## EXERCISE DESCRIPTION
From the entries below, return exactly the lines beginning at the one that contains "Illustrated funny dragon" and ending at the one that contains "A simple, classic", both of them included, and only those lines.
***** RECORDS TO PROCESS
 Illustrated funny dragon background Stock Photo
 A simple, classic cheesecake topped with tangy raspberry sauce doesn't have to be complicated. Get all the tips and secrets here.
**********
***** RECORDS TO PROCESS
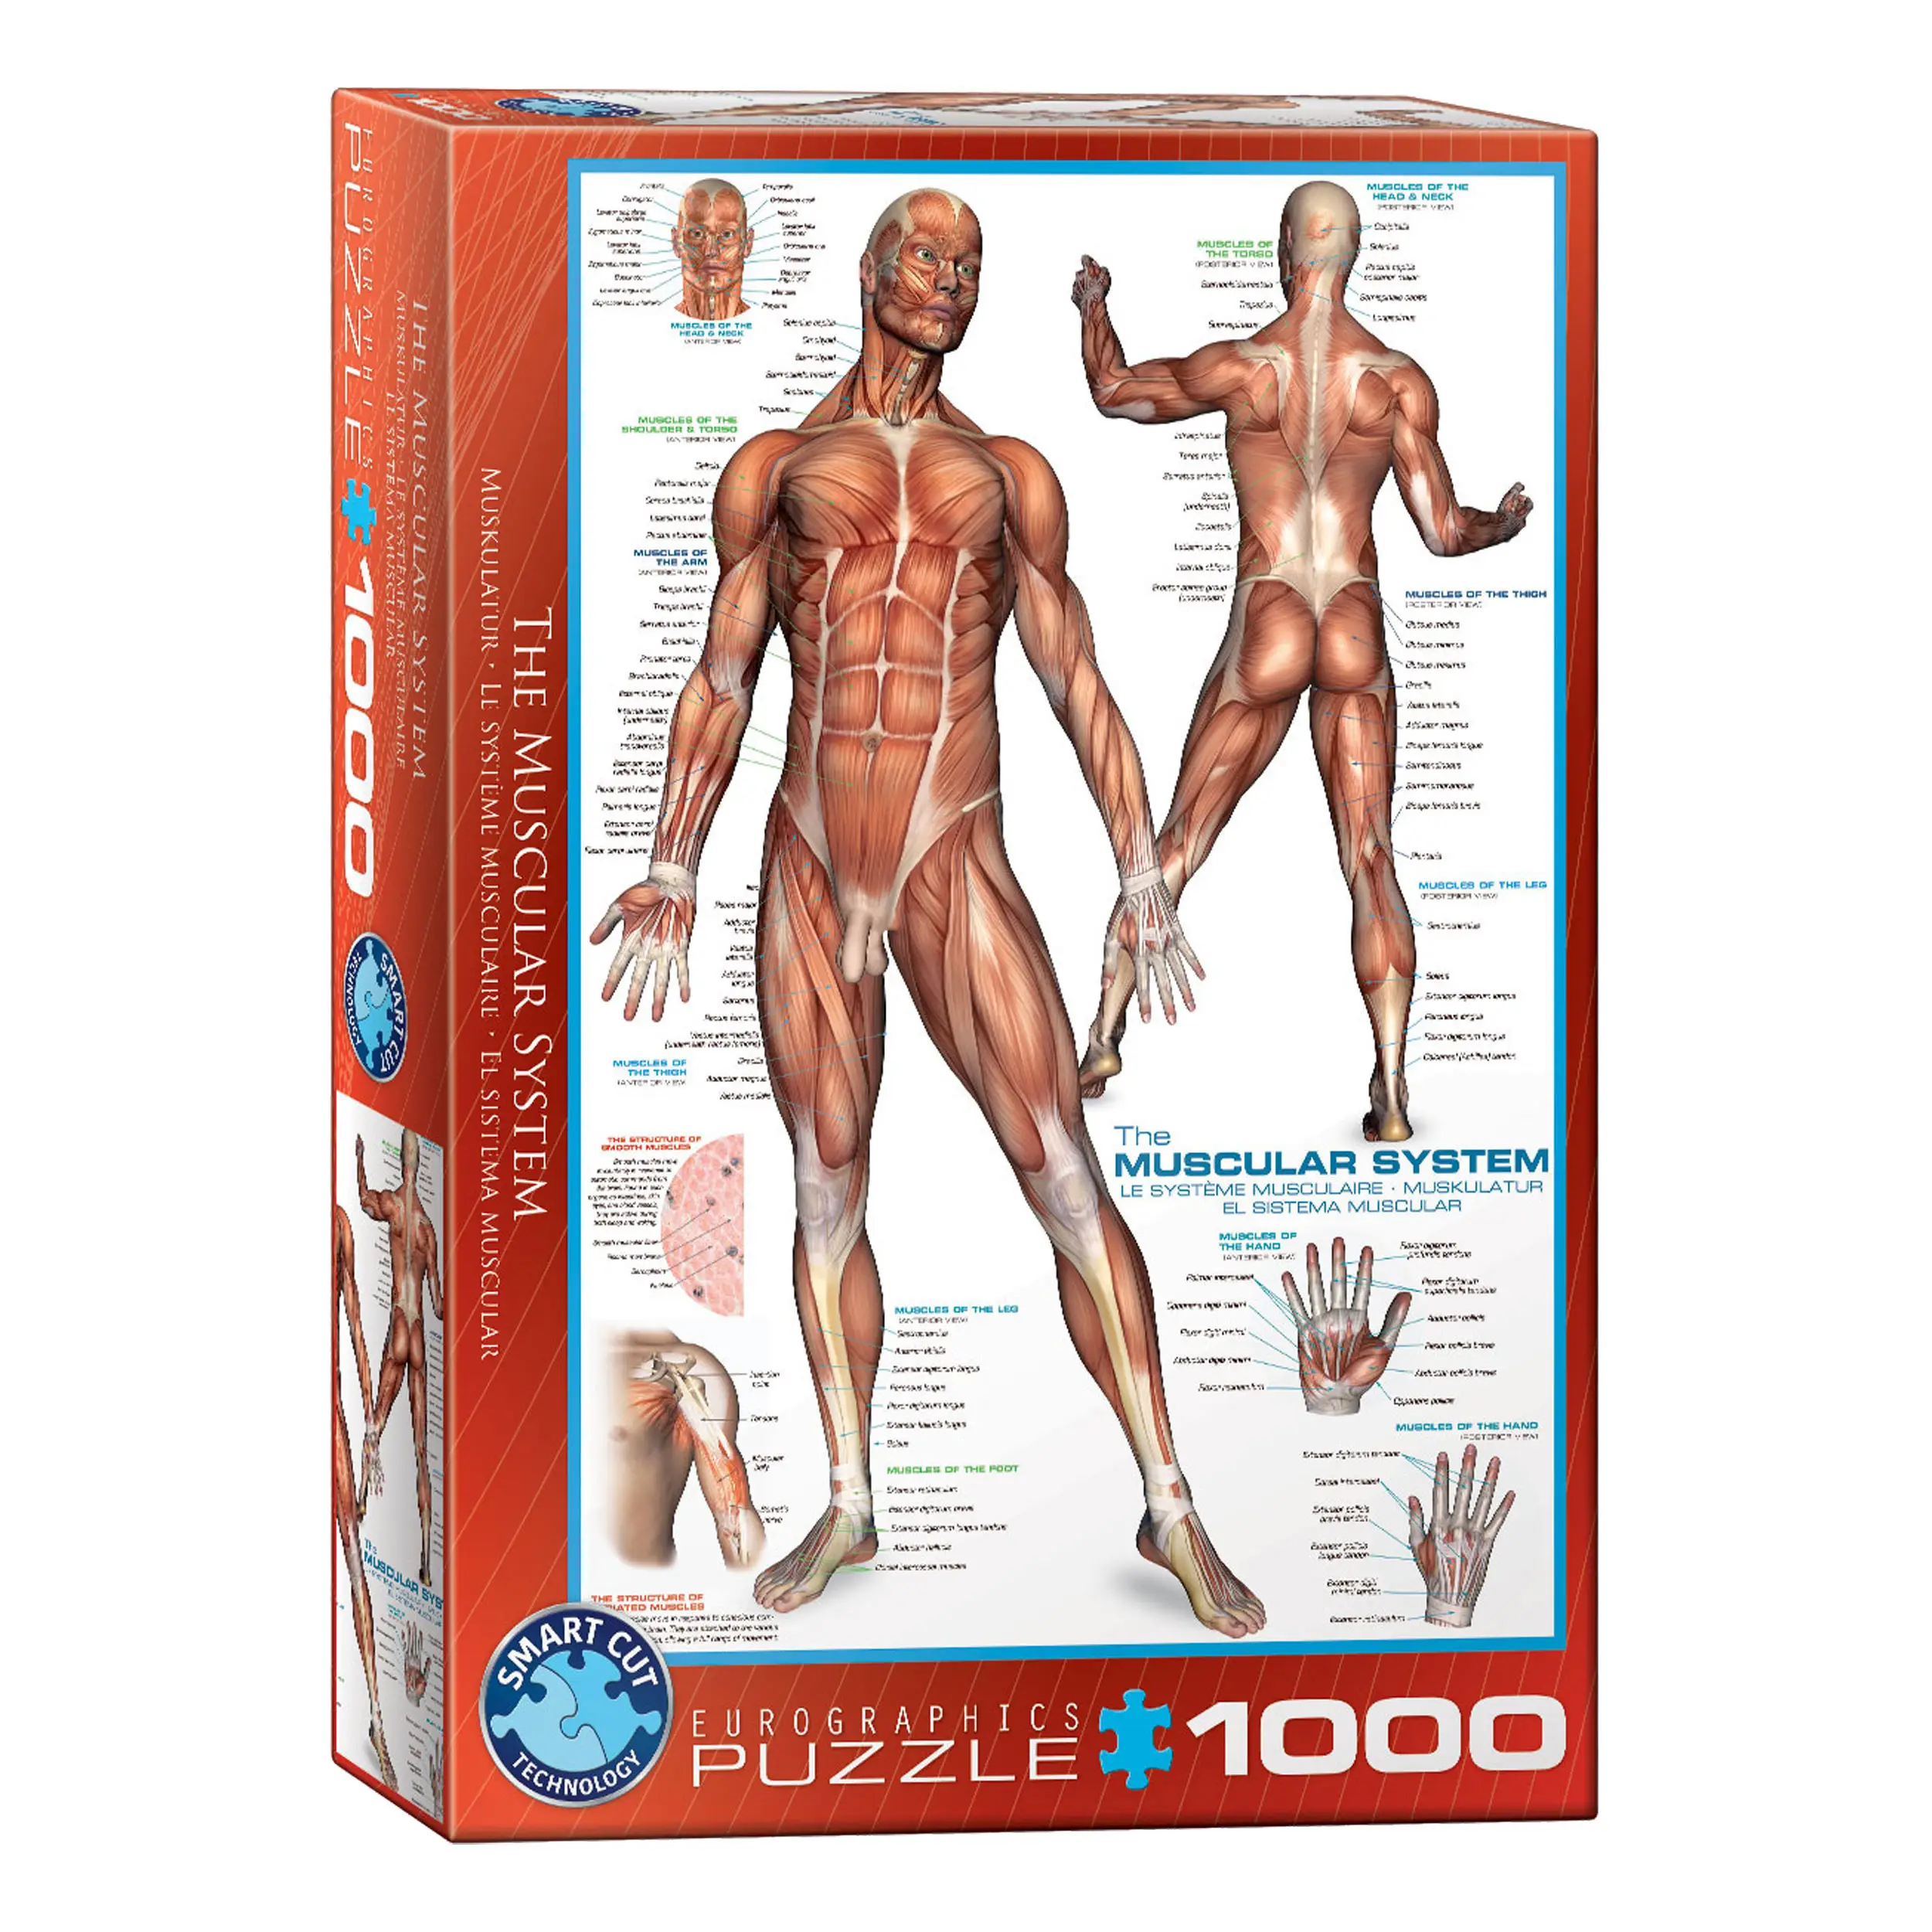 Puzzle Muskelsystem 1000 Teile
**********
## RESPONSE
 Illustrated funny dragon background Stock Photo
 A simple, classic cheesecake topped with tangy raspberry sauce doesn't have to be complicated. Get all the tips and secrets here.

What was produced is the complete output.